In a report based on interviews, Amnesty International has described the military’s security campaign as “vicious and disproportionate.” According to eye witness accounts, included in the report, soldiers fired at men, women and children and destroyed entire villages.
Burmese authorities have denied their troops committed any human rights violations, with government authorities going as far as asserting that the armed forces were, in fact, searching for the “terrorists” behind the October 9th assaults on police in which nine officers were murdered.

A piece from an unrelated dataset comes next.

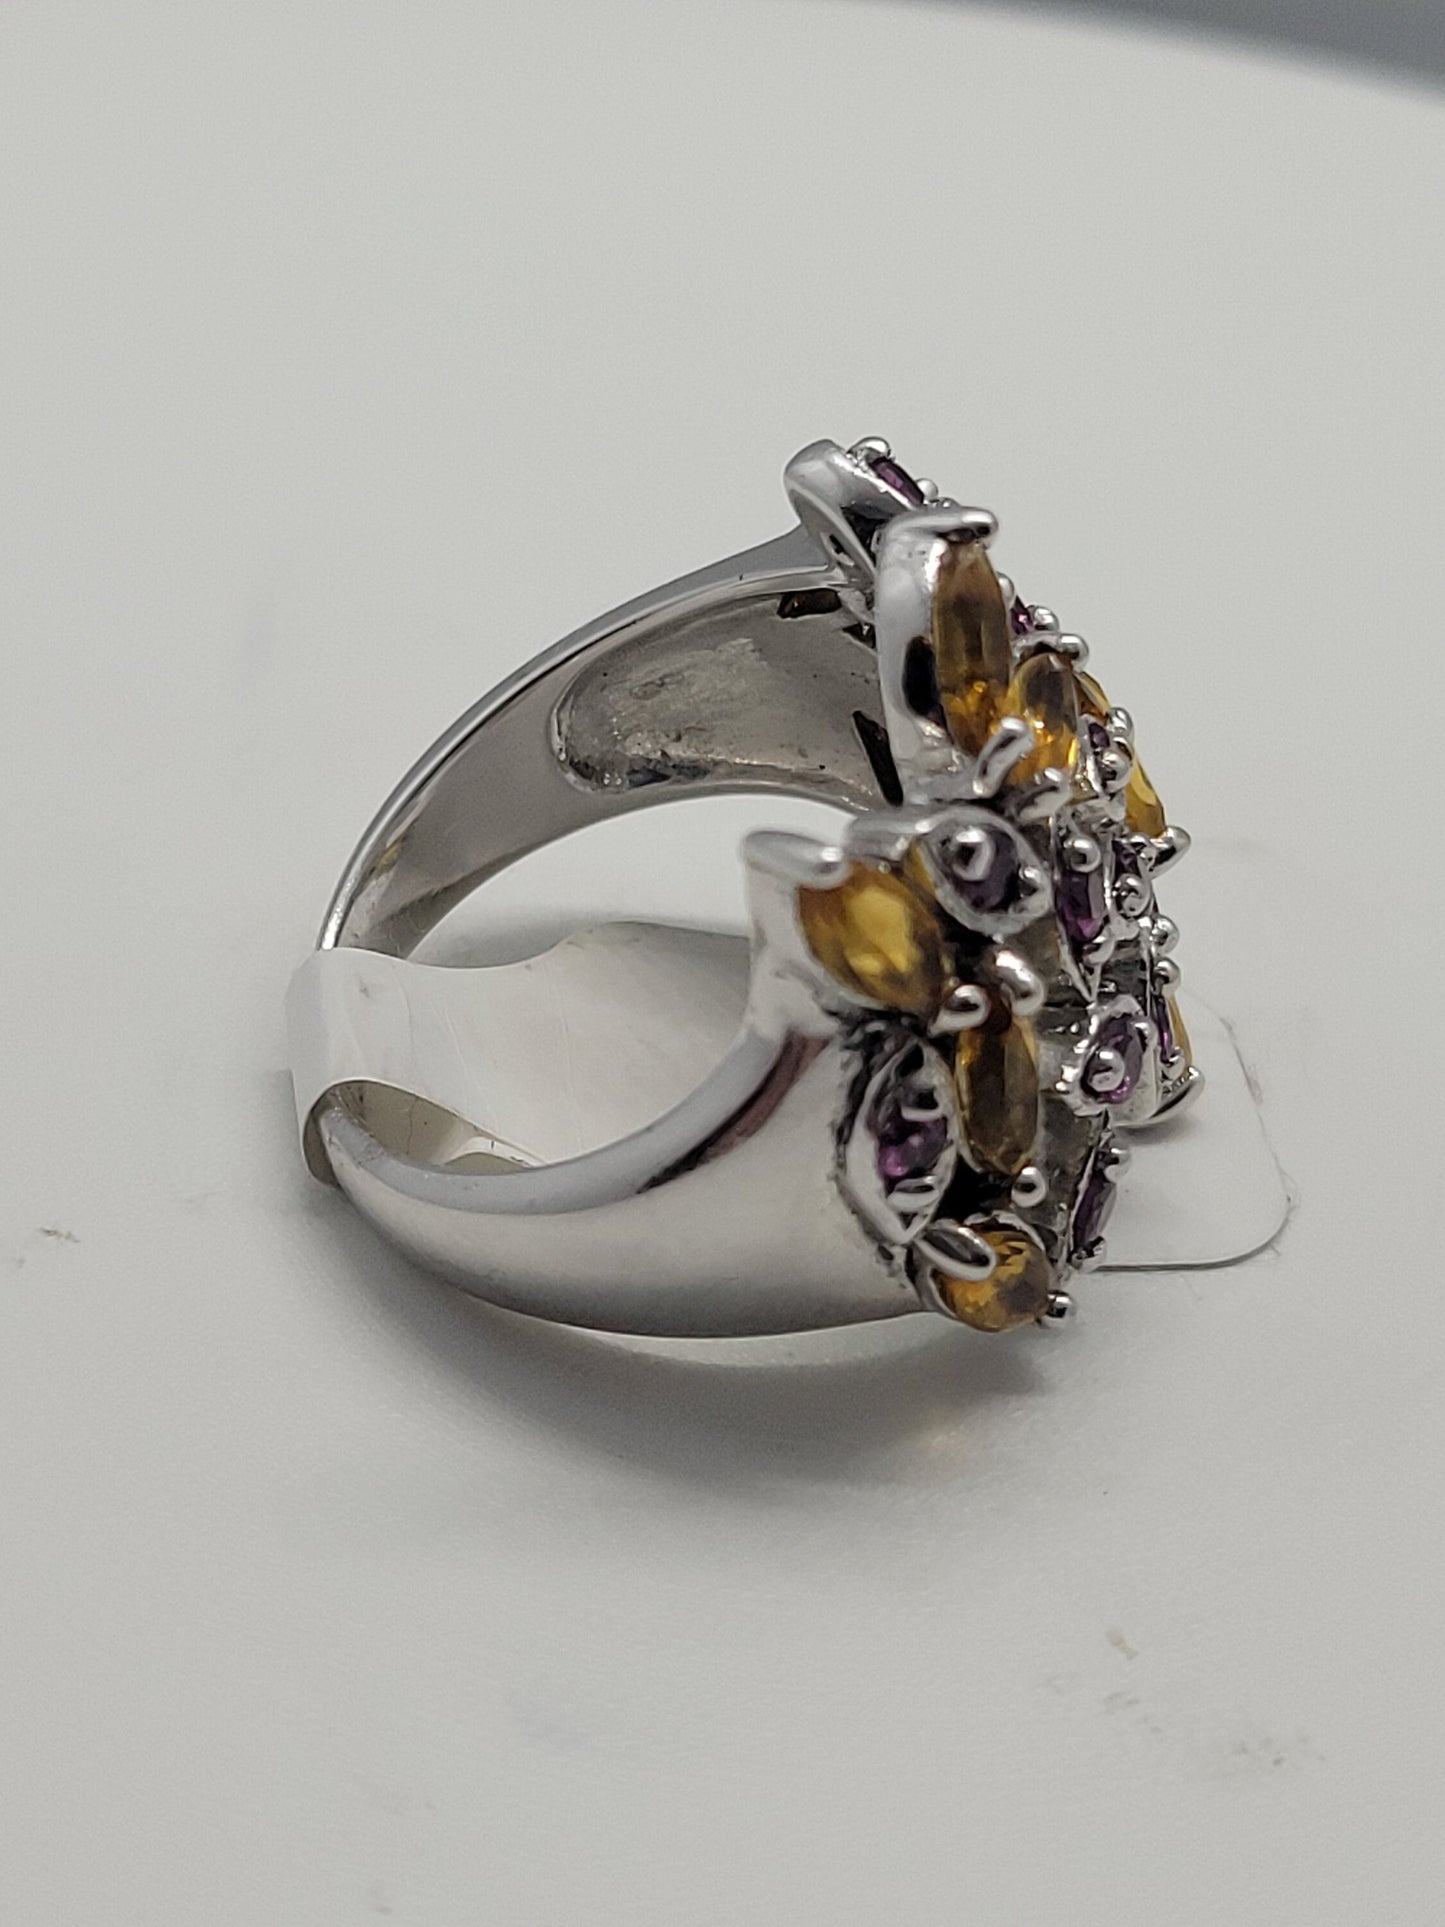 Vintage Yellow Citrine and Purple Amethyst Ring set in 925 Sterling Silver

Rafendi Djamin, Amnesty International’s Director for Southeast Asia and the Pacific, has said that “While the military is directly responsible for the violations, Aung San Suu Kyi has failed to live up to both her political and moral responsibility to try to stop and condemn what is unfolding in Rakhine state.”
Although Rohingya Muslims have lived in Burma for generations they have been denied citizenship in the nation of 50 million and therefore are seen as one of the most oppressed minorities in the world. Over 120,000 Rohingya Muslims have been brutally taken out of their homes and been imprisoned in squalid camps, being denied healthcare and education. Those who have tried to escape such dire conditions have either become victims of human trafficking or held for ransom.
Zeid Ra’ad Al Hussein has stated that the government has taken a “short-sighted, counterproductive, even callous” approach to the crisis. Many civilians have crossed the border to find safe haven in Bangladesh. Over 1000 refugees, newly arrived in Bangladesh, have found themselves homeless after their houses were burned and many of their family members killed.
The ongoing violence against Rohingya Muslims continues and many continue to suffer at the hands of the Burmese government.